Behind The Flying Saucers-The Truth About the Aztec UFO Crash By Frank Scully
Posted: 15:10 September 5, 2008
Frank Scully's "Behind the Flying Saucers" was originally published in 1950 and became an instant bestseller. It was the first nonfiction hardback book published on the then quite new subject of crashed UFOs and holds up very well today after the passage of nearly 60 years.
"Behind The Flying Saucers," which has recently been reprinted by Timothy Green Beckley at Global Communications, tells the complicated story of the crash of a flying saucer in Aztec, New Mexico, in March of 1948. The ship itself was largely undamaged, but the dead bodies of 14 to 16 small aliens were reported to have been found alongside the spacecraft.
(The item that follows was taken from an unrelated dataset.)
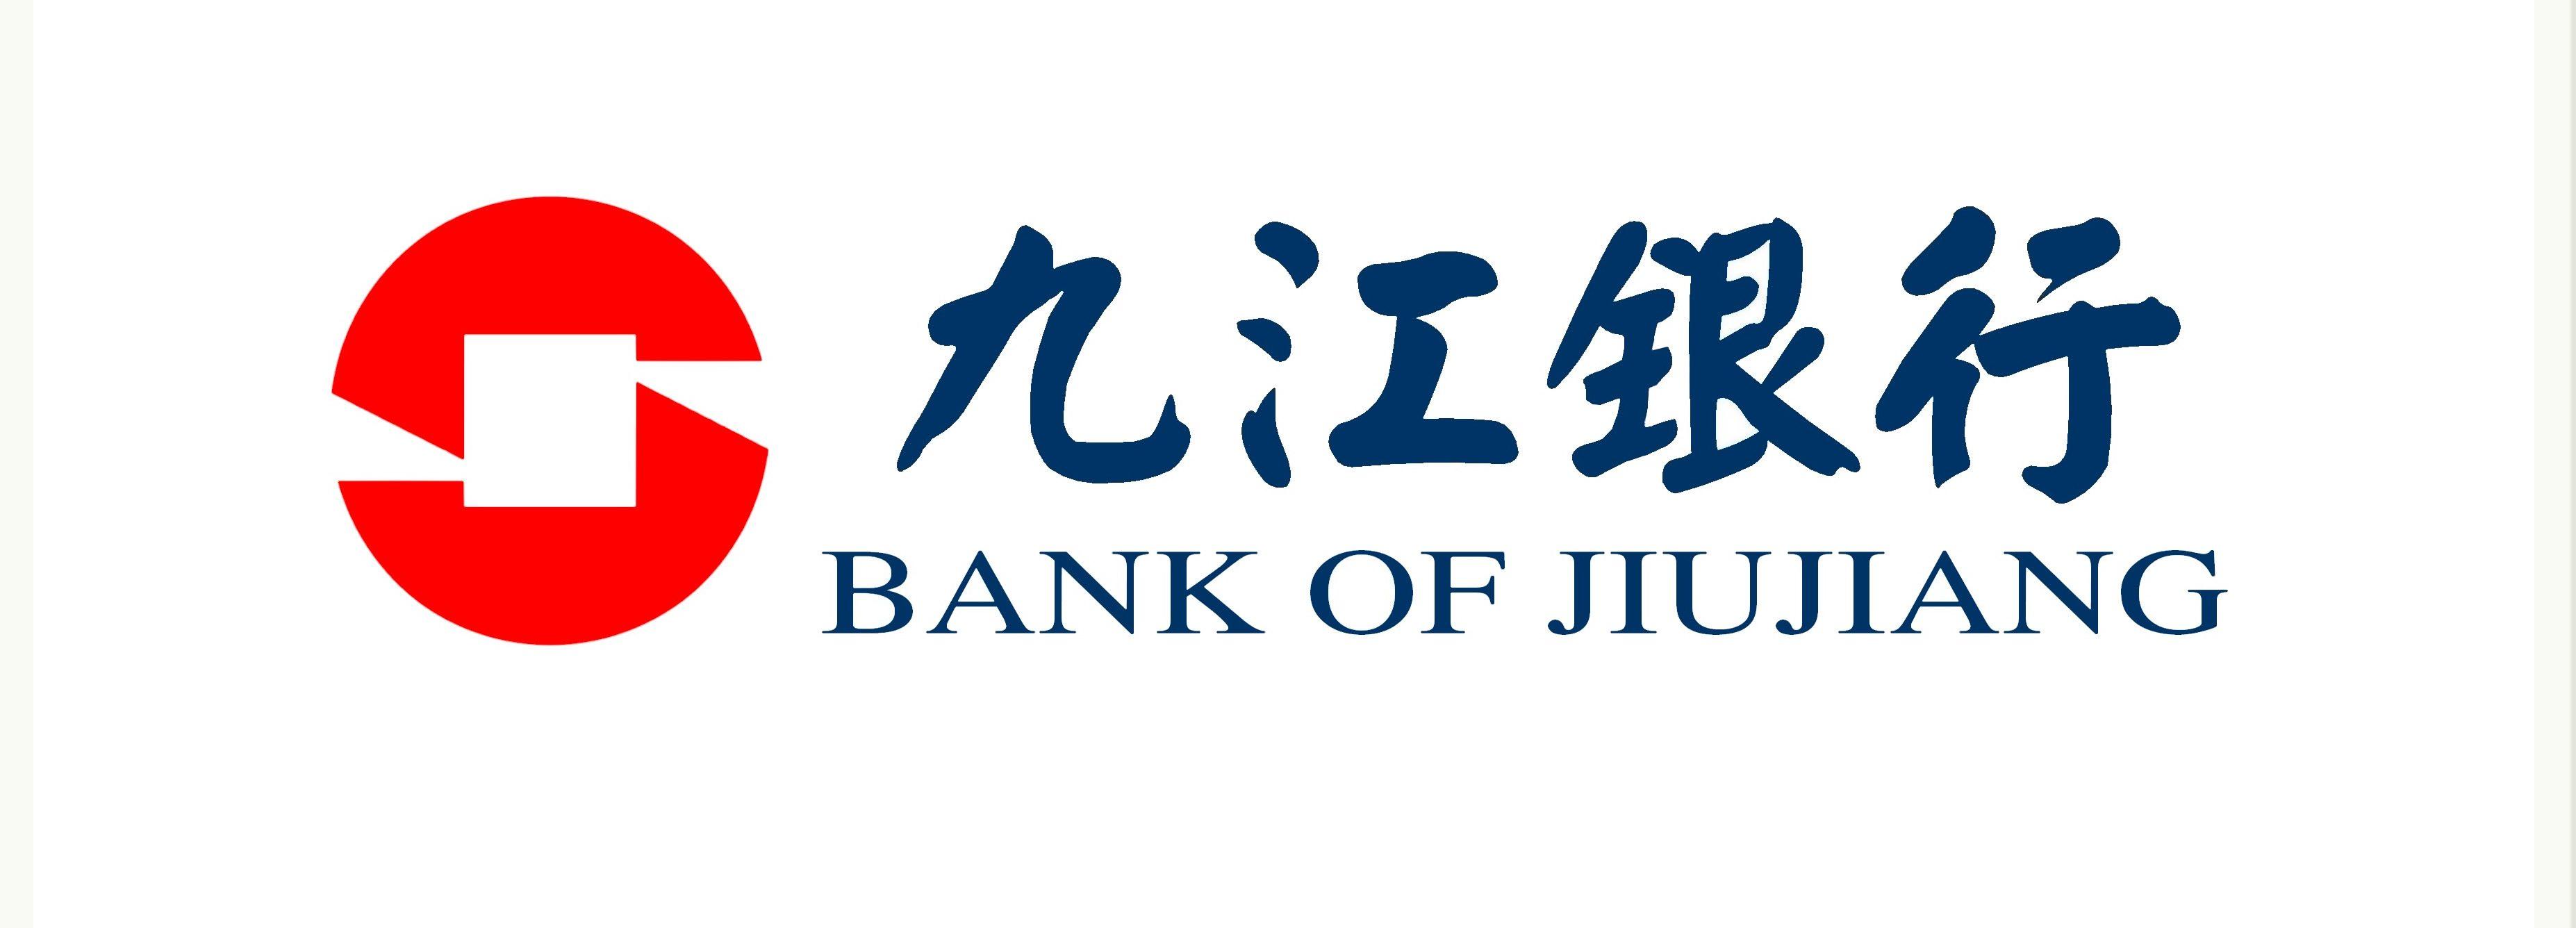 logo logo 标志 设计 矢量 矢量图 素材 图标 3708_1336
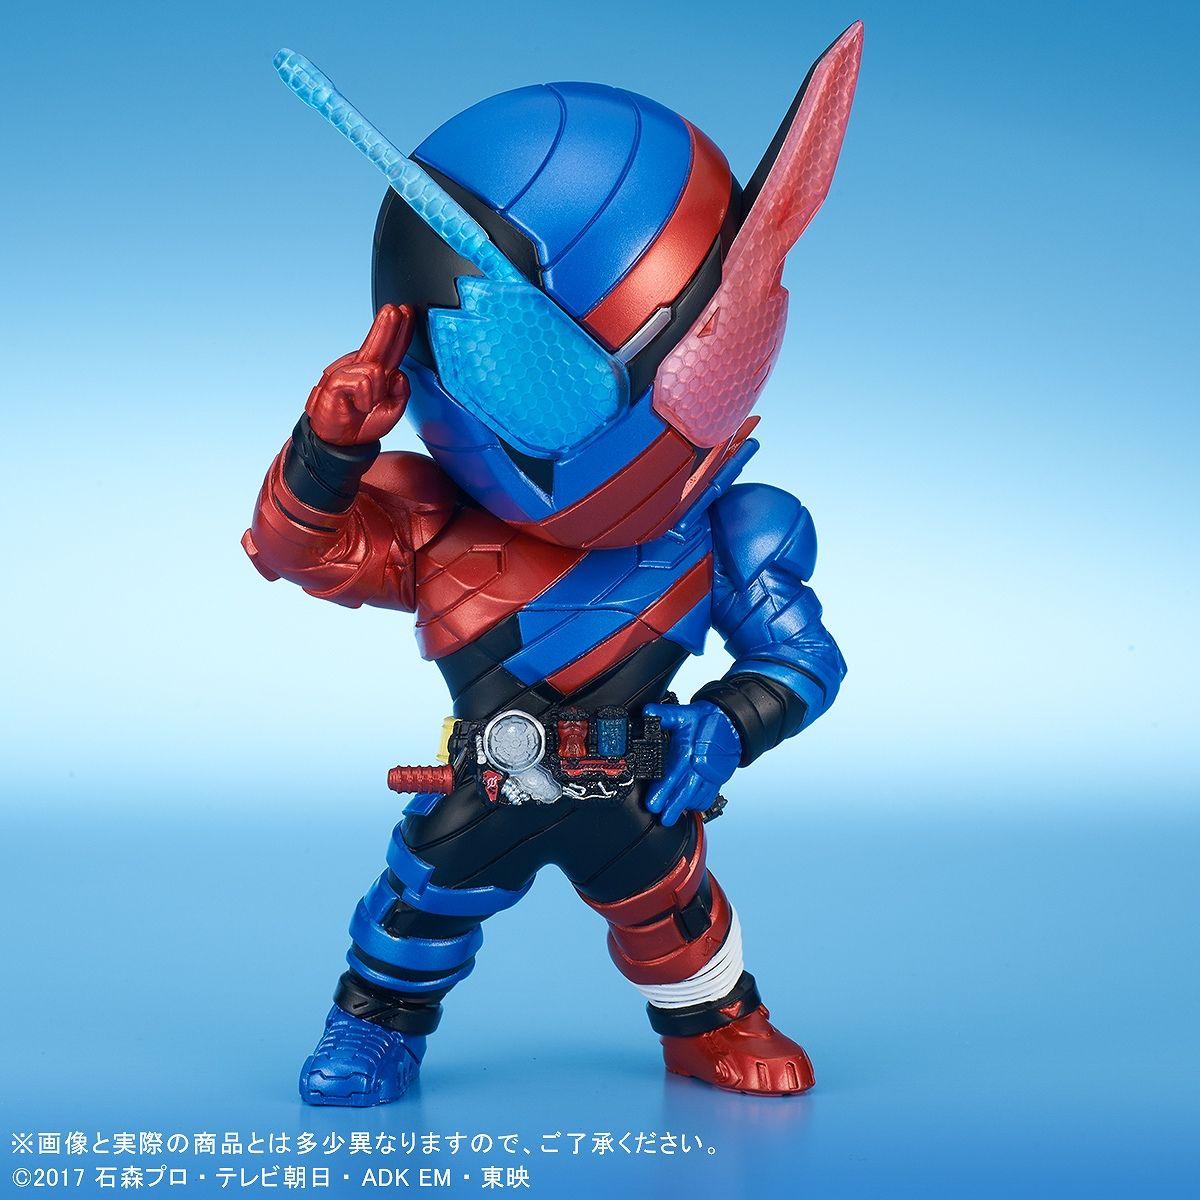 【限定販売】デフォリアル『仮面ライダービルド ラビットタンクフォーム』完成品フィギュア-004

The aliens were described as being like "little men," similar to the grays of our own time, which was unusual in an age when contactees would soon after be regaling the media with visits by blonde, human-looking Venusians.
Scully, a reporter at the time for Hollywood's "Variety" newspaper, came by his information in what would prove to be a controversial way. Screen legend Linda Darnell and her husband, cinematographer Peverly Marley, urged him to contact a wealthy oil man named Silas Newton, who had a story for Scully that he shouldn't pass up. Newton was well-known among the denizens of Hollywood, as was Scully, who had inspired trust in all the celebrities he wrote about for "Variety."
Scully met with Newton, as Darnell had recommended, and was impressed enough by Newton's story and the testimony of a scientist named "Dr. Gee" to give the Aztec crash story a book-length treatment.
Things seemed to be going rather well for Scully as he reaped enormous book sales and brought the truth of crashed UFOs to a public eager to learn more about the mysterious craft appearing in our skies with alarming regularity. But a couple of years after the publication of "Behind The Flying Saucers," a reporter from "The San Francisco Chronicle," J.P. Cahn, who had jealously tried to buy Scully's story from him before the book's publication, wrote an expose for "True Magazine" in which he "revealed" that Silas Newton was an out and out conman and the mysterious "Dr. Gee" was really his partner-in-crime Leo GeBauer.